La régulation du secteur de la santé se fait également grâce aux œuvres sanitaires et sociales mises en place par les groupements mutualistes. Ceux-ci ont en effet mis en service des pharmacies, des cabinets dentaires et interviennent pour l’optique, l’orthopédie ou l’audioprothèse49. Le réseau d’œuvres sociales mutualistes n’est pas au seul profit des sociétaires, il bénéficie à l’ensemble de la population que ce soit directement puisqu’elles sont en grande majorité d’accès directe, soit indirectement par leur rôle de régulateur sur le marché de la santé. En effet les mutuelles, en respectant les tarifs conventionnels ou en fournissant des prothèses ou des appareillages à moindre coût, obligent les praticiens libéraux à en tenir compte pour leur tarification s’ils veulent garder leur clientèle50. Jean BENHAMOU et Aliette LEVEQUE qualifient à ce titre les organismes mutualistes de « moralisateur » ou encore de « modérateur »51.

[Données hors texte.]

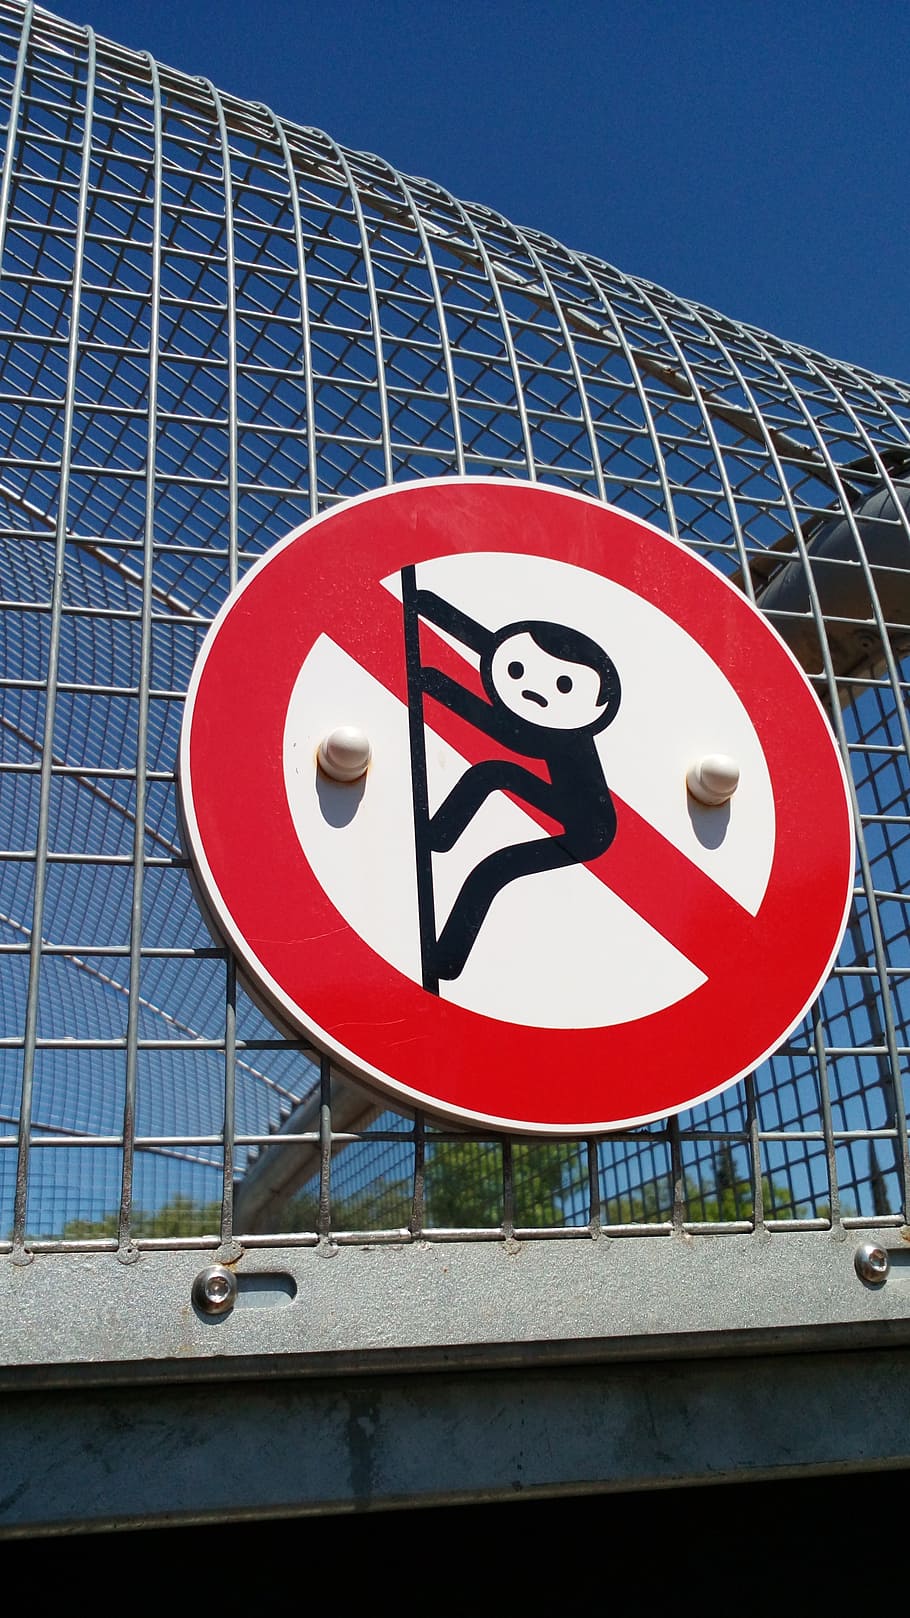 ban, monkey, child, climb, sign, communication, low angle view

Enfin, les structures mutualistes, de par leur poids considérable dans le domaine sanitaire et social, ont une influence non négligeable sur la consommation, la distribution et le remboursement des soins. En effet, chaque fois qu’une réforme des institutions sanitaires et sociales est envisagée, la mutualité ne manque pas de faire connaître sa position. Dans ce cadre, elle a donc multiplié des accords avec tous les acteurs intervenant dans le secteur de la santé : Sécurité sociale, syndicats et organisations de praticiens ou encore, ministères de la santé ou des affaires sociales. Dès la prise de décision, la mutualité exerce un certain contrôle et remplit sa mission de régulation.

Ainsi par le rôle préventif qu’elle exerce au regard des dépenses de santé, par le fait qu’elle facilite l’accès aux soins, la mutualité remplit un réel effet de régulation du secteur de la santé. Il semble que son rôle aille plus loin puisque, loin de se contenter du simple remboursement, la Mutualité agit en amont sur les décisions relatives à l’économie du système de santé français

Par la solidarité qu’ils mettent en œuvre et par leur utilité sociale indiscutable, syndicalisme et mutualité se font un point d’honneur de tout mettre en œuvre pour protéger l’homme. Nous l’avons vu, cette protection est de moins en moins réservée aux seuls membres de ces organisations mais s’applique aussi à la société tout entière, mutualisme et syndicalisme faisant par là preuve d’un réel altruisme.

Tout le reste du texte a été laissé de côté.